- TASK DETAILS: Without the images, print every line of the material below exactly as given.

- INFORMATION SHOWN:

......

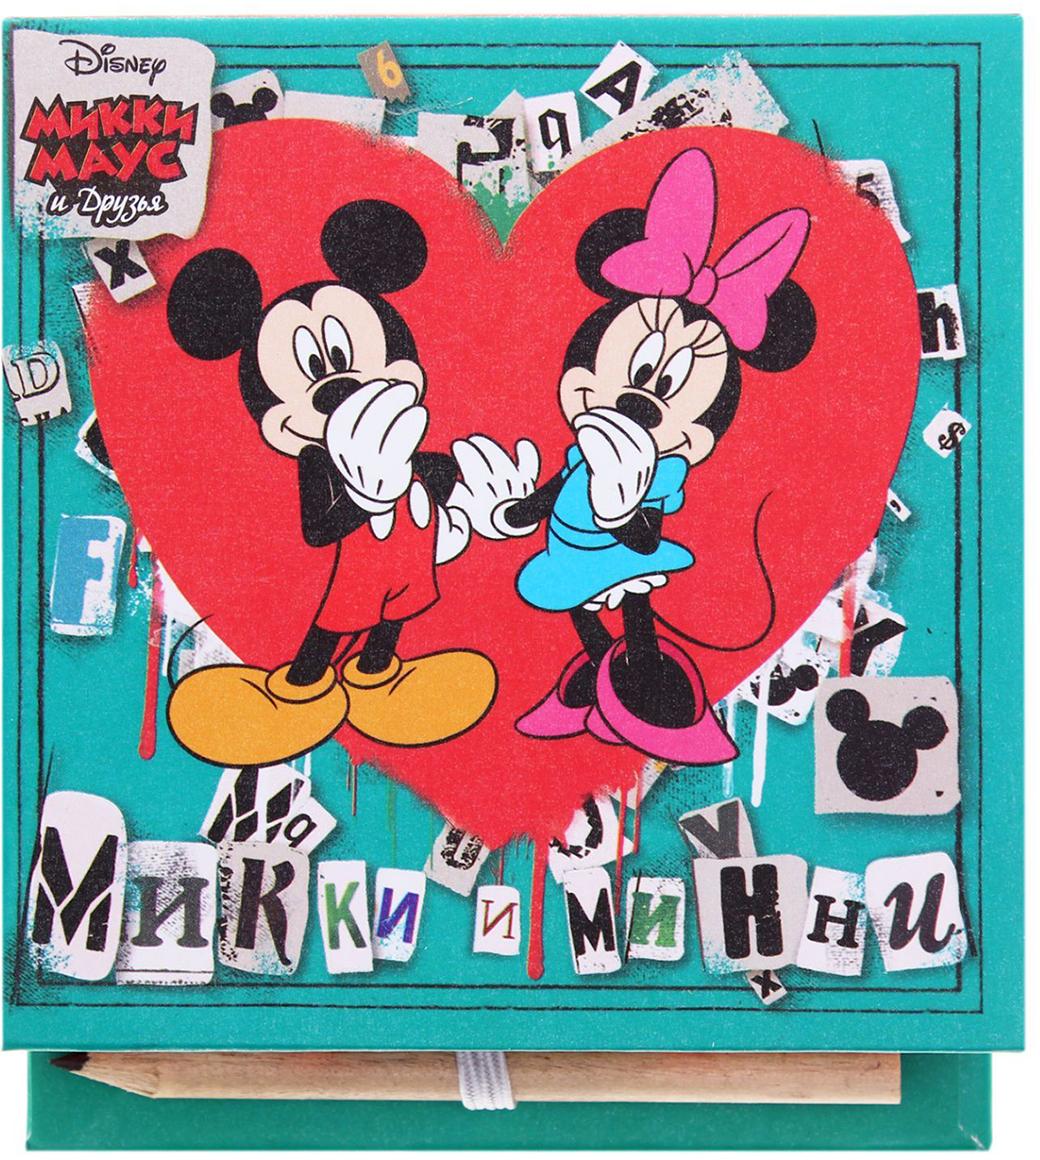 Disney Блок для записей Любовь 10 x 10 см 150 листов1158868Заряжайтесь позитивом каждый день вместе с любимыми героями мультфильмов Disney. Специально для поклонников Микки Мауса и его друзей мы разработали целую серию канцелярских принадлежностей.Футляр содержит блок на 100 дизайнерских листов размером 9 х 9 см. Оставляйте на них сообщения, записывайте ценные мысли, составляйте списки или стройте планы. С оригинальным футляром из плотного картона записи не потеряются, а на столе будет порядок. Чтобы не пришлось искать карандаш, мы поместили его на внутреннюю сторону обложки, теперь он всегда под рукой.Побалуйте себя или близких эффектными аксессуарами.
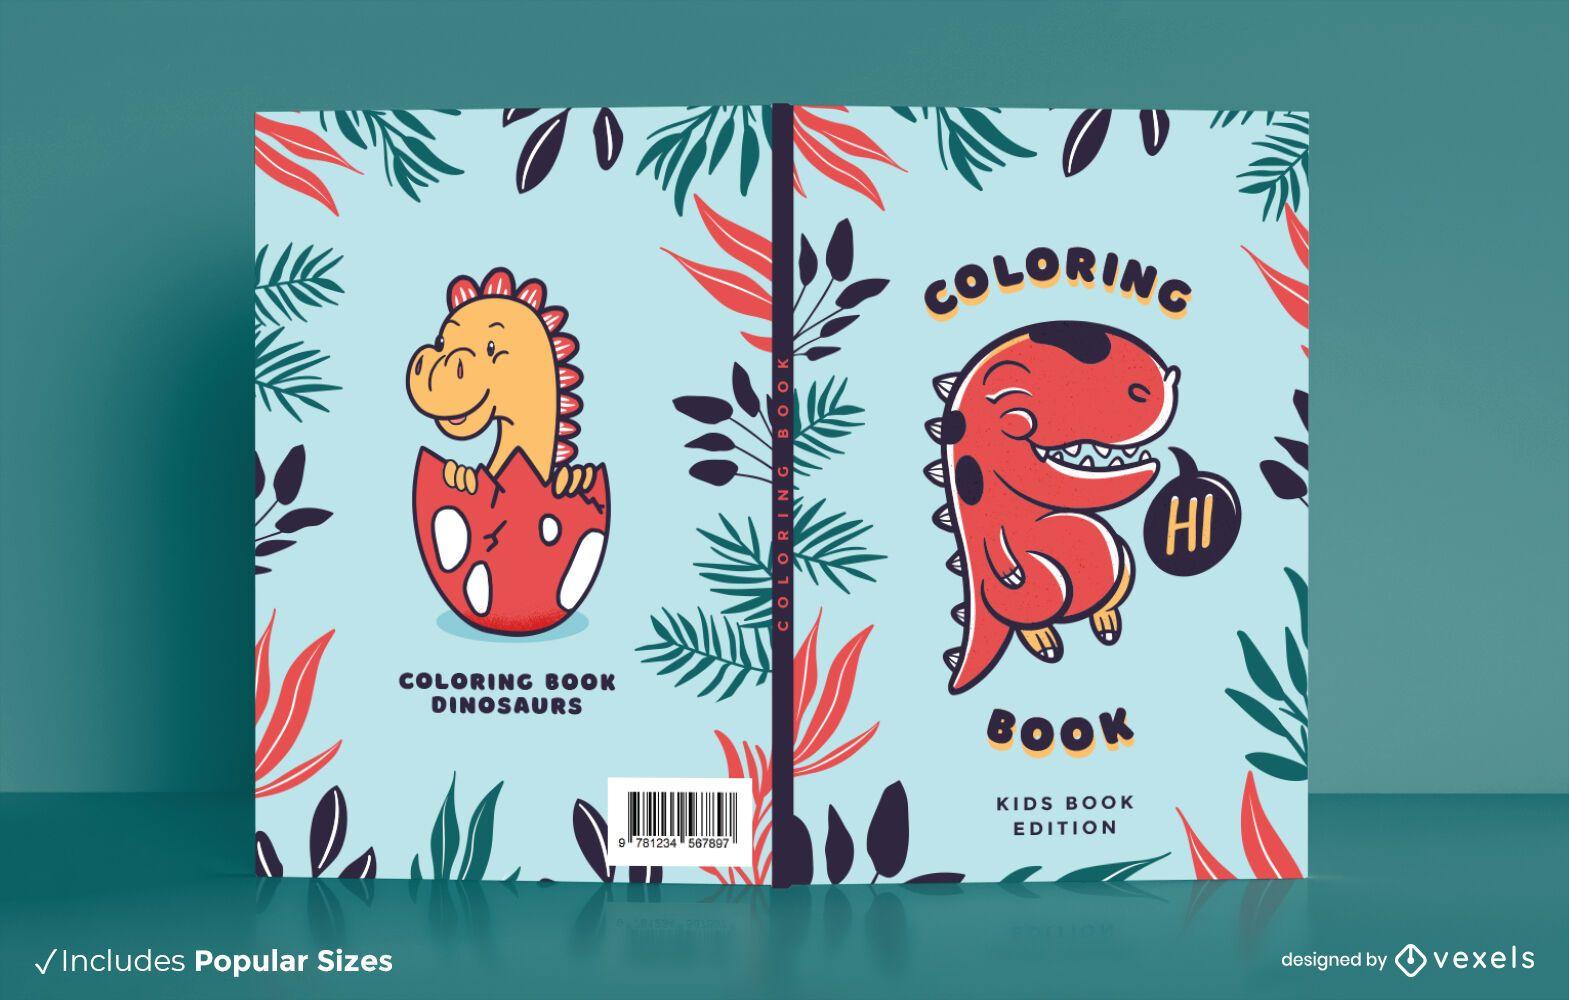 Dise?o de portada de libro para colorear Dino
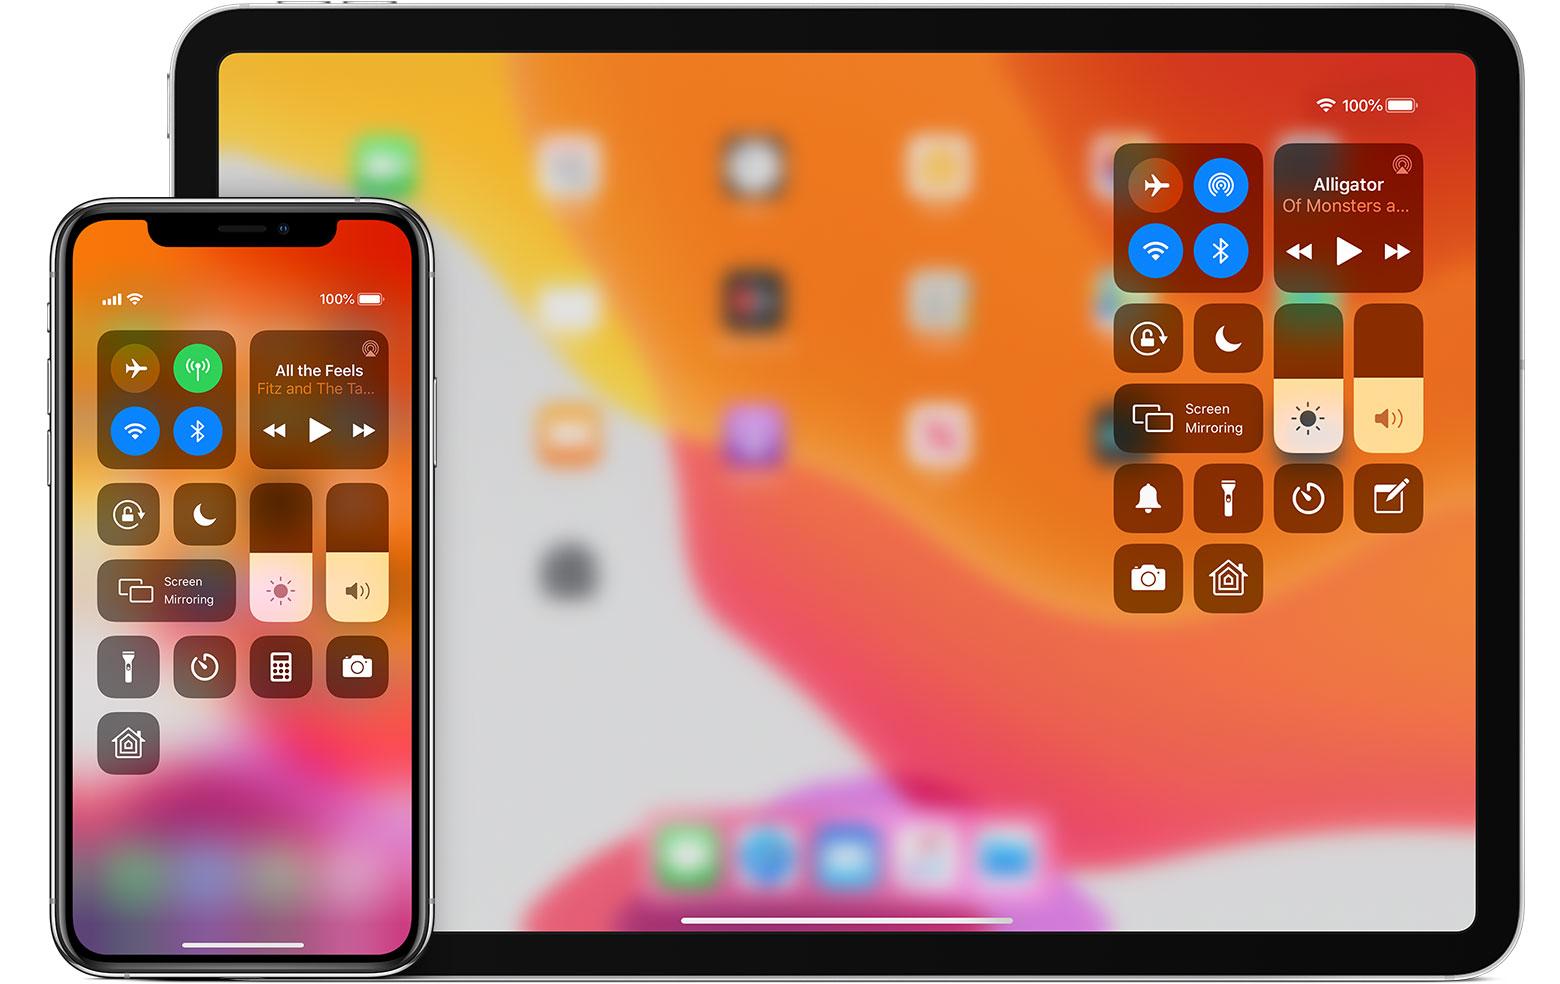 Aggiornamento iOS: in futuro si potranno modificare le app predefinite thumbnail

......

- RESPONSE:
 Disney Блок для записей Любовь 10 x 10 см 150 листов1158868Заряжайтесь позитивом каждый день вместе с любимыми героями мультфильмов Disney. Специально для поклонников Микки Мауса и его друзей мы разработали целую серию канцелярских принадлежностей.Футляр содержит блок на 100 дизайнерских листов размером 9 х 9 см. Оставляйте на них сообщения, записывайте ценные мысли, составляйте списки или стройте планы. С оригинальным футляром из плотного картона записи не потеряются, а на столе будет порядок. Чтобы не пришлось искать карандаш, мы поместили его на внутреннюю сторону обложки, теперь он всегда под рукой.Побалуйте себя или близких эффектными аксессуарами.
 Dise?o de portada de libro para colorear Dino
 Aggiornamento iOS: in futuro si potranno modificare le app predefinite thumbnail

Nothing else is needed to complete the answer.